RESEARCH BREAKTHROUGHS:
Your continued support has allowed AFBS to invest heavily in leading edge NM research including:
- 3-Year, $1 Million Natural History Study: This landmark collaboration with six research institutions will deepen understanding of NM progression and pave the way for new therapies.
- Dr. Gupta’s Research: A 5-year, $1.2 million commitment supports the development of NM treatments through repurposing existing drugs and exploring gene therapy approaches.
- New NM Biobanking Program: This secure repository for tissue samples aims to advance scientific understanding and therapeutic development for Nemaline Myopathy.
- More New Research Initiatives: Development of Gene Therapy for ACTA1-based Nemaline Myopathy by Dr. Afrooz Rashnonejad at Nationwide Children’s Hospital. NEM6: From Pathophysiology to Therapy: The Team at Amsterdam University Medical Center (UMC), Radboud UMC, Leiden UMC, Netherlands will use the therapeutic approach of Knocking-down the mutant KBTBD13 hoping to prevent and reverse disease development in NEM6. Identifying and Correcting the Pathological Drivers of Nemaline Myopathy in Stem Cell-Derived Engineered Skeletal Muscle Tissues by Dr. Mack at University of Washington. Soft Robotic Garments for Assisting Lower-Limb Function in Children with Nemaline Myopathy by Dr. Realmuto at University of California, Riverside. Exploring the Potential of Mavacamten as a Treatment for Nemaline Myopathy by Dr. Jenni Laitila and Dr. Julien Ochala at University of Copenhagen, Denmark.
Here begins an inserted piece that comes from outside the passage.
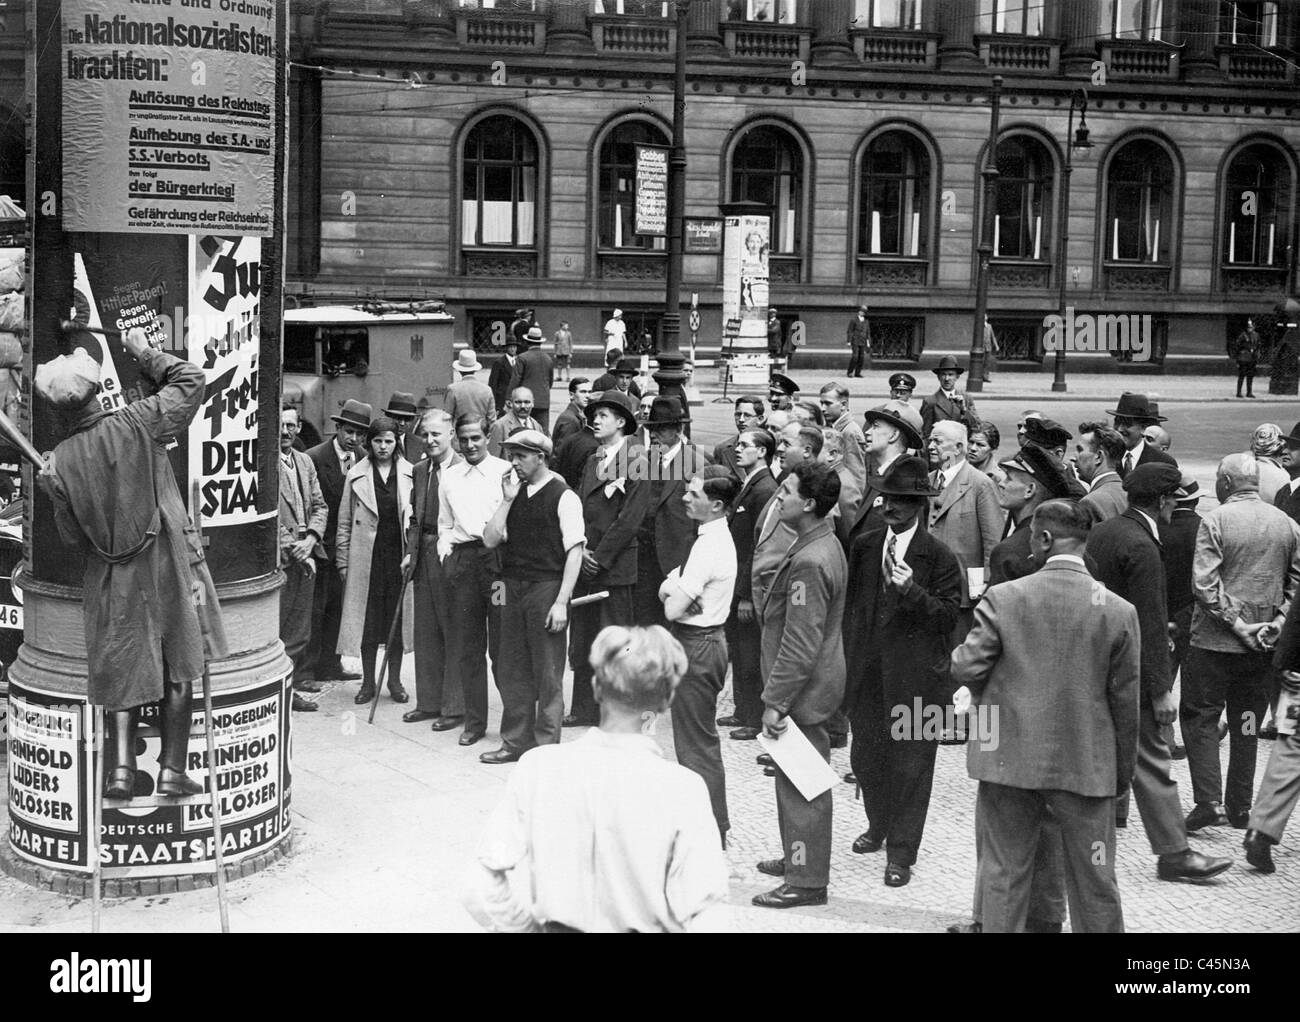 Pedestrians in front of advertising pillar with electoral advertisement, 1932 Stock Photo

To read more about these exciting new developments in AFBS funded research , visit our Research page!
2023 was a year of tremendous progress, but the fight for treatment continues. By amplifying voices, fostering collaboration, and fueling research, the AFBS community is building a brighter future for individuals living with NM. Let’s celebrate these achievements and continue driving progress together in 2024 and beyond!